Мы с отцом поговорили об этом. Я рассказал. Он взял мою правду своим терпением и молчанием. Было странно, но мне показалось, что этот разговор сблизил нас.

Через несколько дней меня выписали. Но какие они были эти дни... Я ходил на процедуры, выслушивал нравоучения от матери, пинал брата за его издевки, разговаривал с отцом, ждал порнушного. Папа сказал, что Том в порядке, что он его видел в участке несколько дней назад. Почему он не приходил все эти дни? Теперь, когда с моего злополучного дня рождения прошла неделя, я вдруг воспринял все всерьез, понял, что это был не фильм, что это случилось со мной и с ним. Это все было правдой, а не нарисованной хорошими режиссерами шуткой. Наверно, я понял то, в какой опасности я был по слезам матери, которая боялась за меня все те часы, от самой первой секунды, когда увидела по телевизору, как меня выводят из банка...

Я смотрел в окно своей комнаты, разглядывая одинокий клен, что стоял у нас во дворе. Когда-то в детстве я постоянно лазал по нему и неоднократно падал. Но почему-то в детстве любое падение воспринималось иначе... А сейчас... Когда я вдруг понял, что Том не придет, я, будто снова навернулся с этого дерева, да еще и с верхней ветки. Только теперь больно было в груди, внутри грудной клетки стучало сердце, бешено стучало... А я тогда лежал на больничной кровати и понимал, что он больше никогда не услышит моего сердцебиения...

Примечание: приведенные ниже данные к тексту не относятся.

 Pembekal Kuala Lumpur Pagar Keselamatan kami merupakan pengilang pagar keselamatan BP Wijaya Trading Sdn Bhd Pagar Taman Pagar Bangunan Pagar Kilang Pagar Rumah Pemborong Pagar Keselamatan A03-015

Мог ли я как-то взять у него номер телефона? Я же словил за него пулю, до сих пор не понимаю, зачем я это сделал? Но я думаю, что я заслуживаю хотя бы простого «Спасибо!»... И очередного траха. Да, никогда не думал, что мне так понравится спать с порнушником... И ведь ничего необычного мы не делали, просто занимались сексом, то на полу морга, то у развалившейся ограды. Я бы даже мамины пирожки с клубникой отдал за то, чтобы сделать с ним это еще раз...

– Билл, спускайся, пирожки готовы...

– Иду, – выкрикиваю я, думая о том, что хотя бы клубника удовлетворит мои потребности. Или секс, или кекс!

И только я поднес к губам клубничное лакомство, как в дверь позвонили. Единственная мысль в моей голове: как в кино – за дверью Том. Ну, так же всегда... Я даже отложил сладость на тарелку и пошел открывать. По пути поправил рубашку, шорты, волосы немного пальцами причесал. И только потом понял, что смазал свои пряди клубничной начинкой... Идиот, и как только умудрился...

– Здравствуйте! Вам посылка! – а, ну понятно, фигня с «всё как в кино» прошла и теперь настала реальная жизнь? Хотя нет, щас в посылке будет мобильный телефон, и как только я возьму в руки трубку, он зазвонит, а на том конце будет Том... Хм, на том конце... Том... на конце Том... – Эй, парень?